**What you will do**:
Line by line, transcribe the data below exactly and pass over the images.

**Available data**:
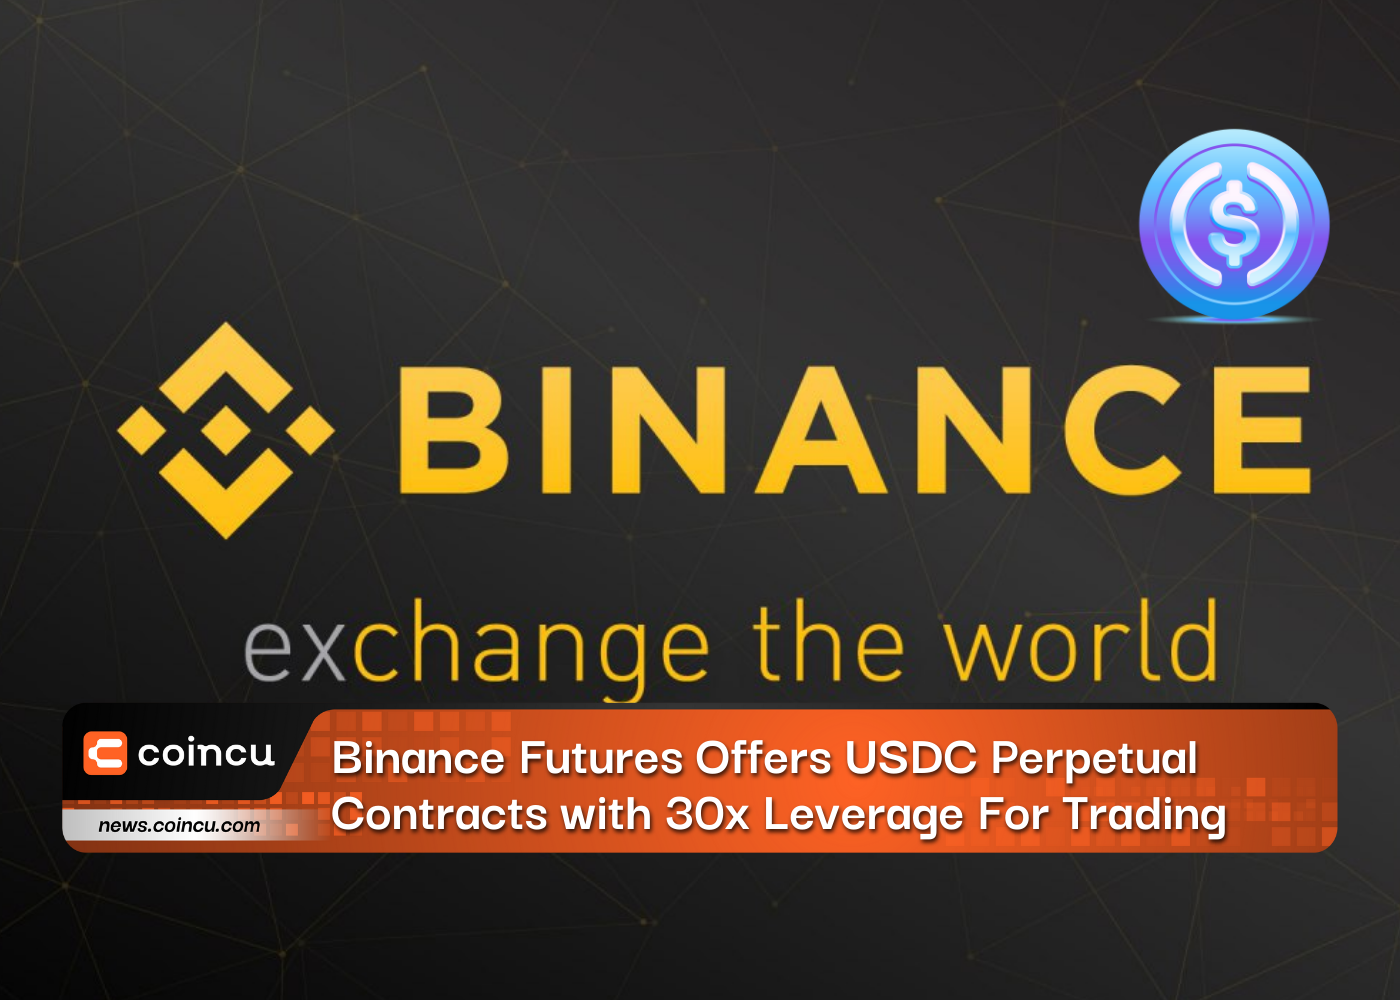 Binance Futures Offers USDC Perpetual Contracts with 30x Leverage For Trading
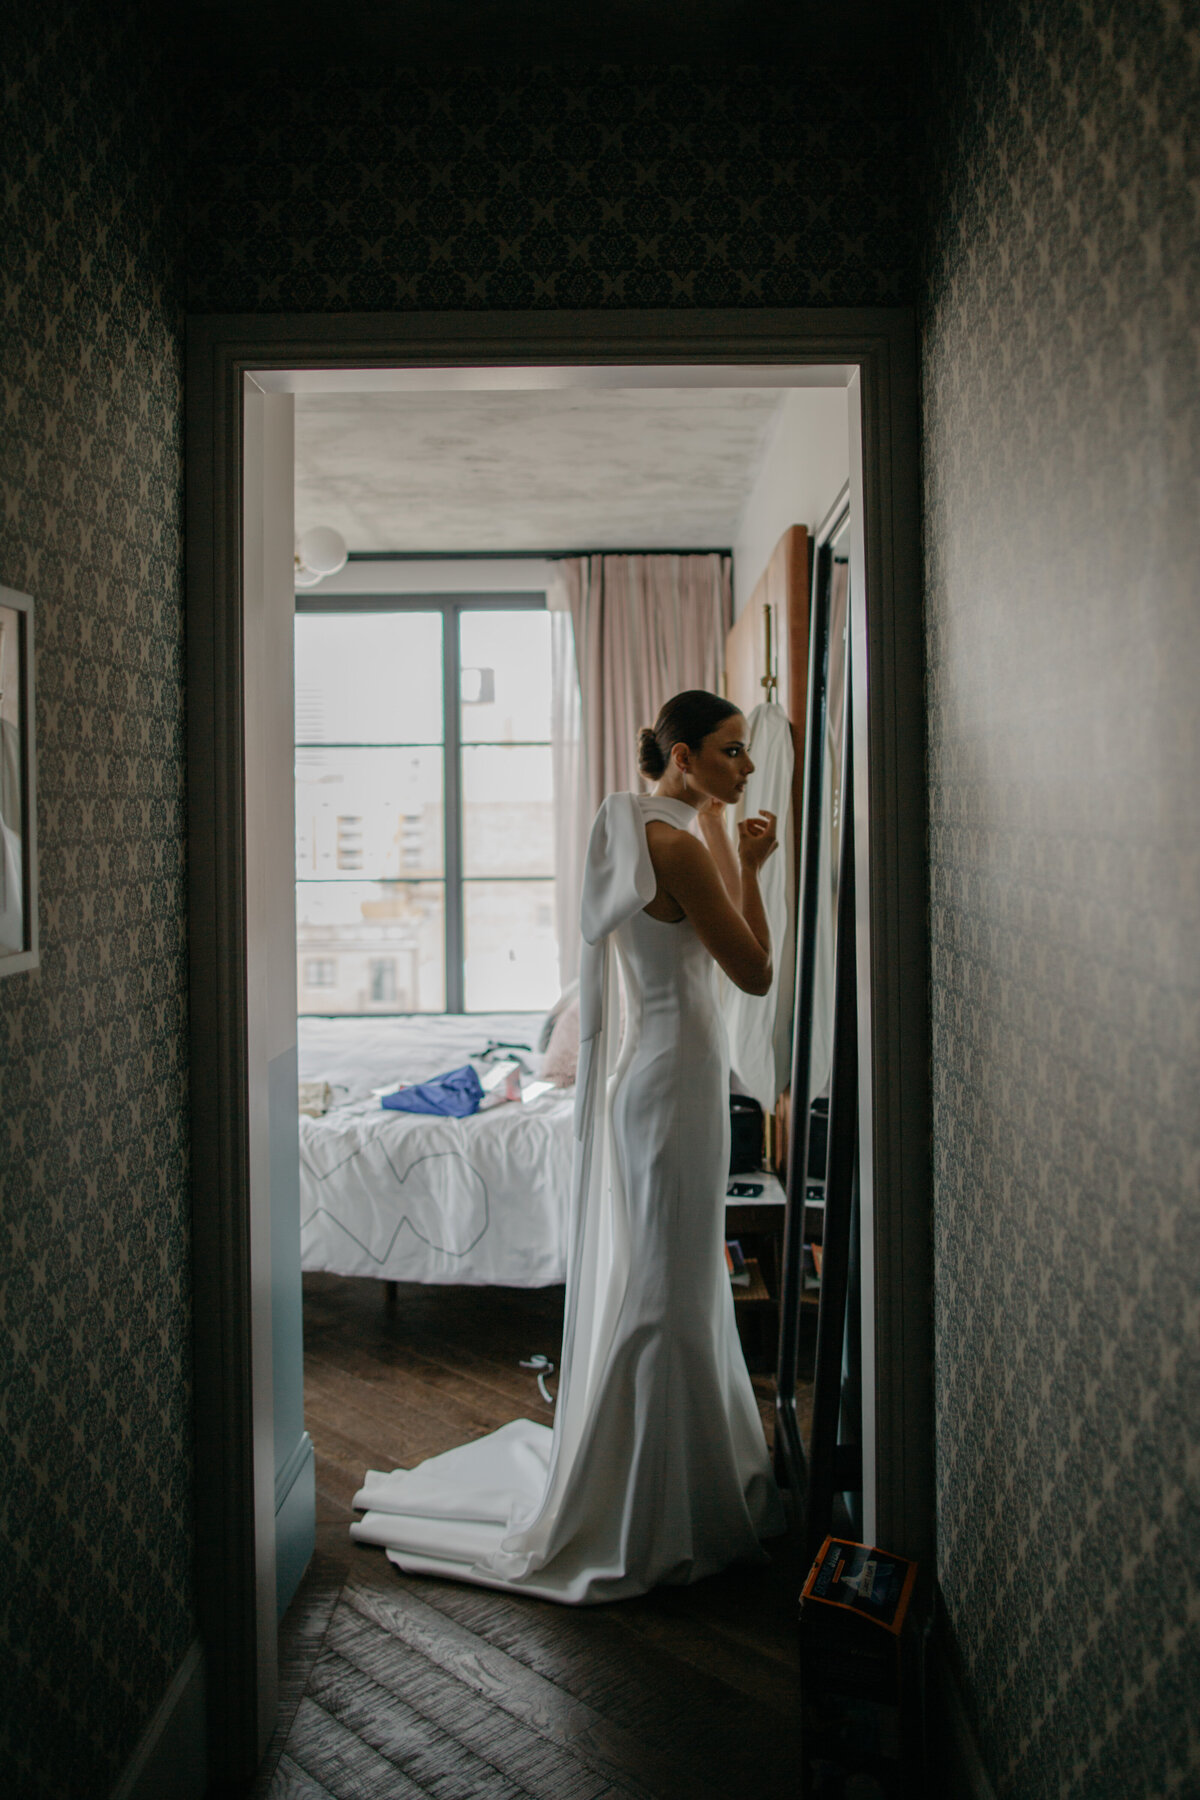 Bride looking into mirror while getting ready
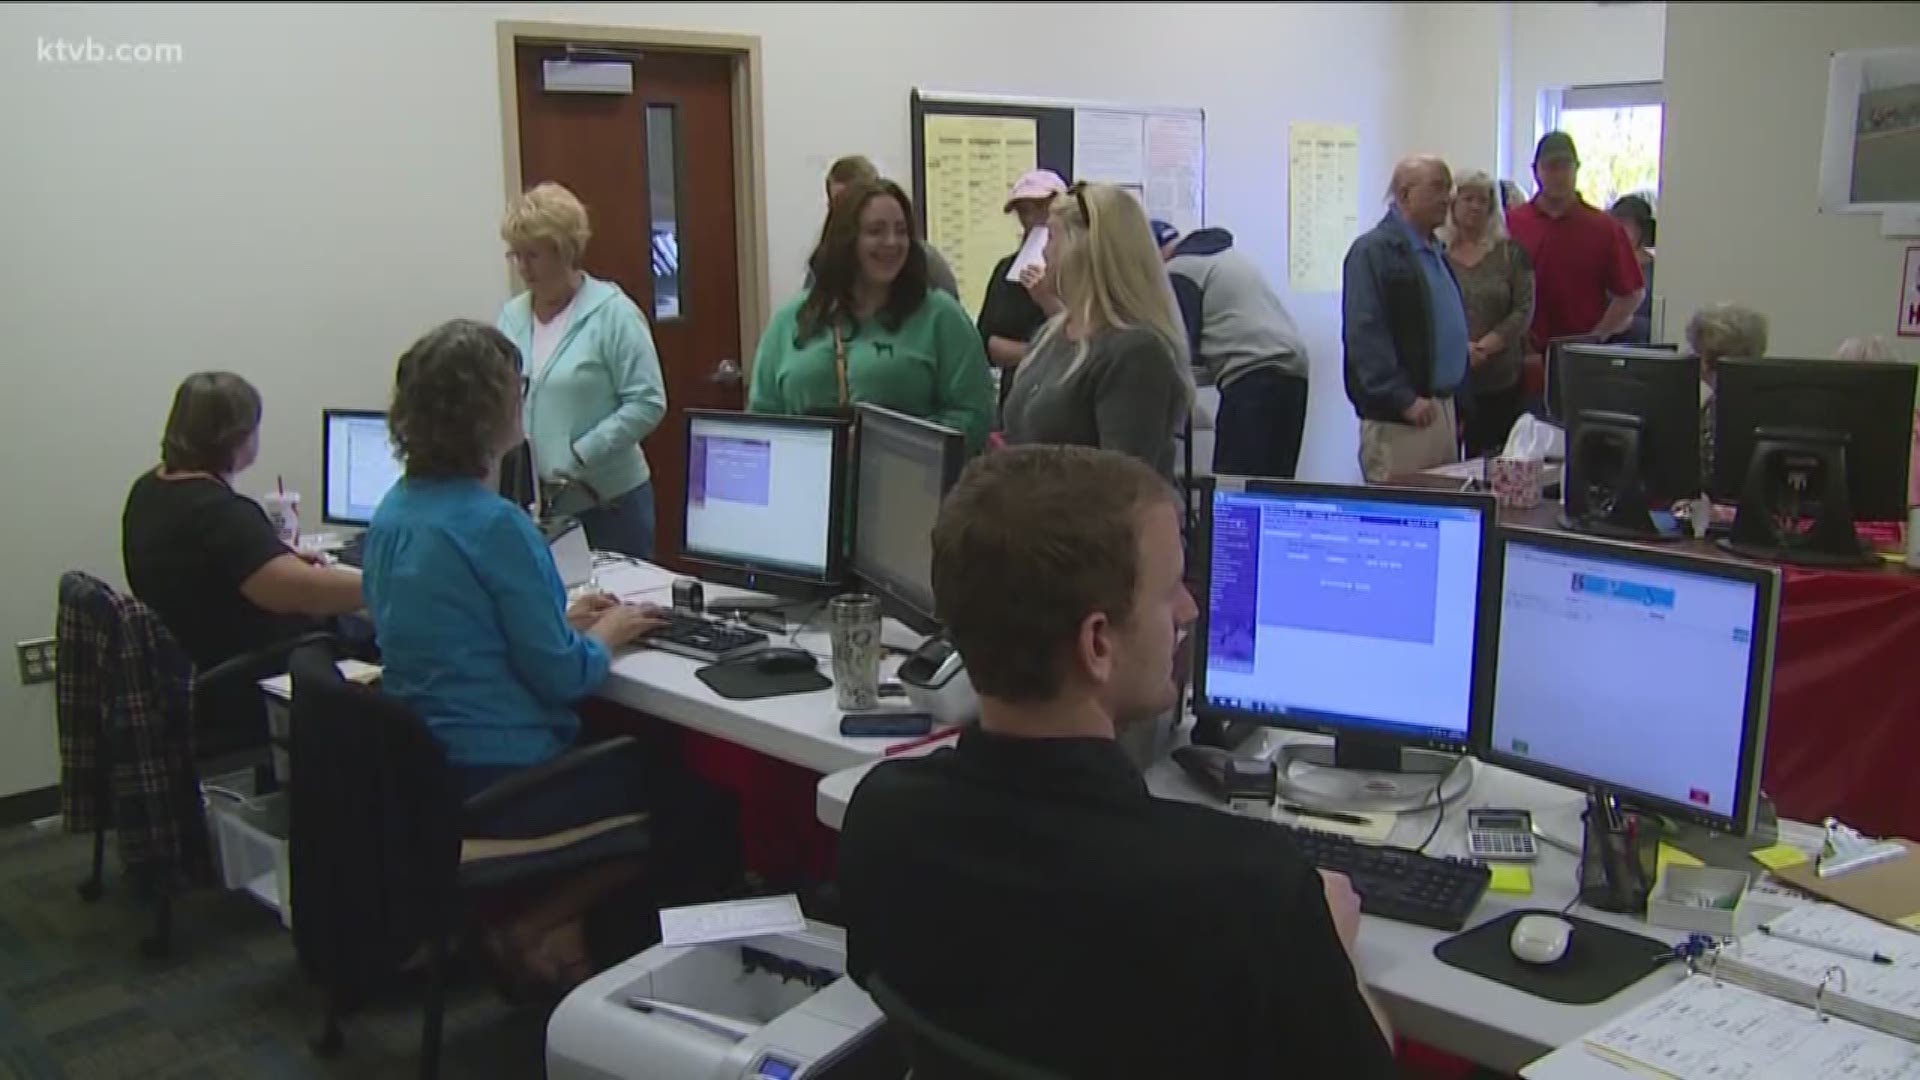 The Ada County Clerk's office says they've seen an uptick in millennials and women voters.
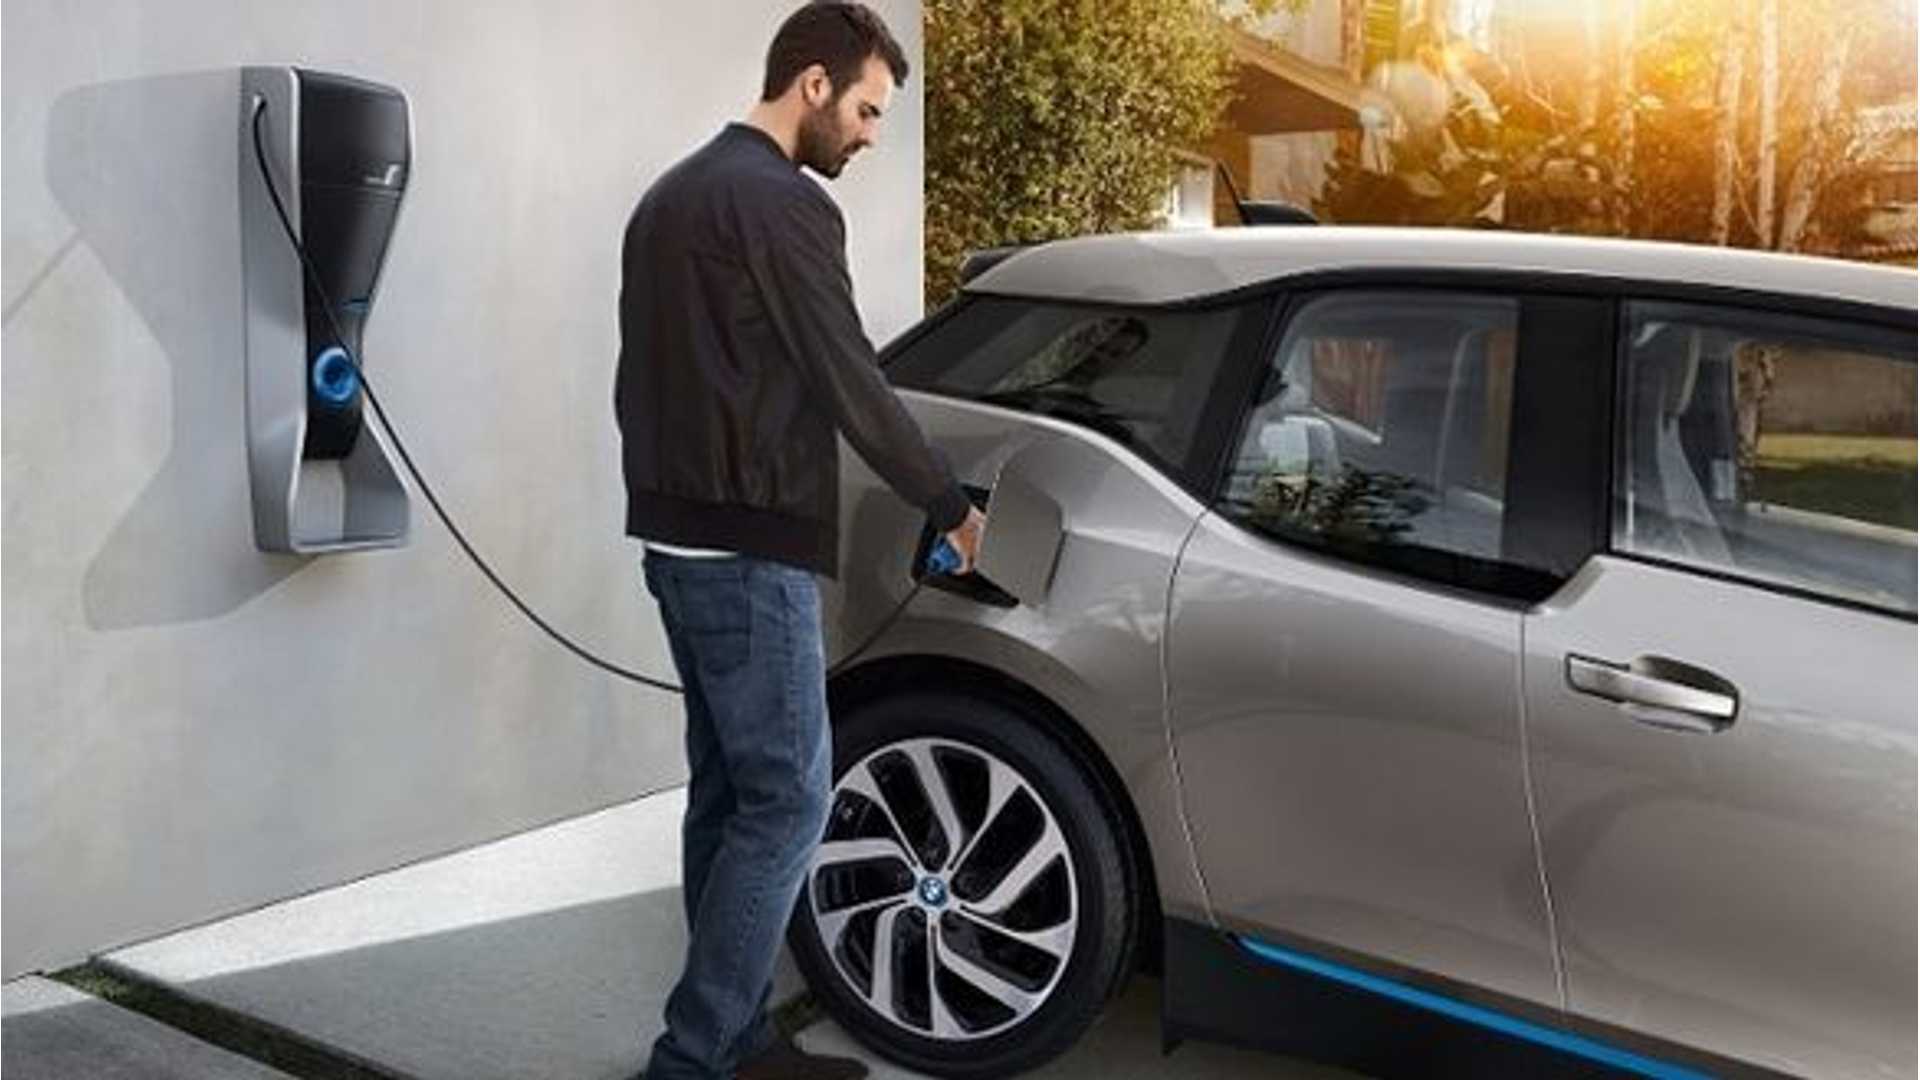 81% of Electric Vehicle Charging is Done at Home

**Answer space**:
 Binance Futures Offers USDC Perpetual Contracts with 30x Leverage For Trading
 Bride looking into mirror while getting ready
 The Ada County Clerk's office says they've seen an uptick in millennials and women voters.
 81% of Electric Vehicle Charging is Done at Home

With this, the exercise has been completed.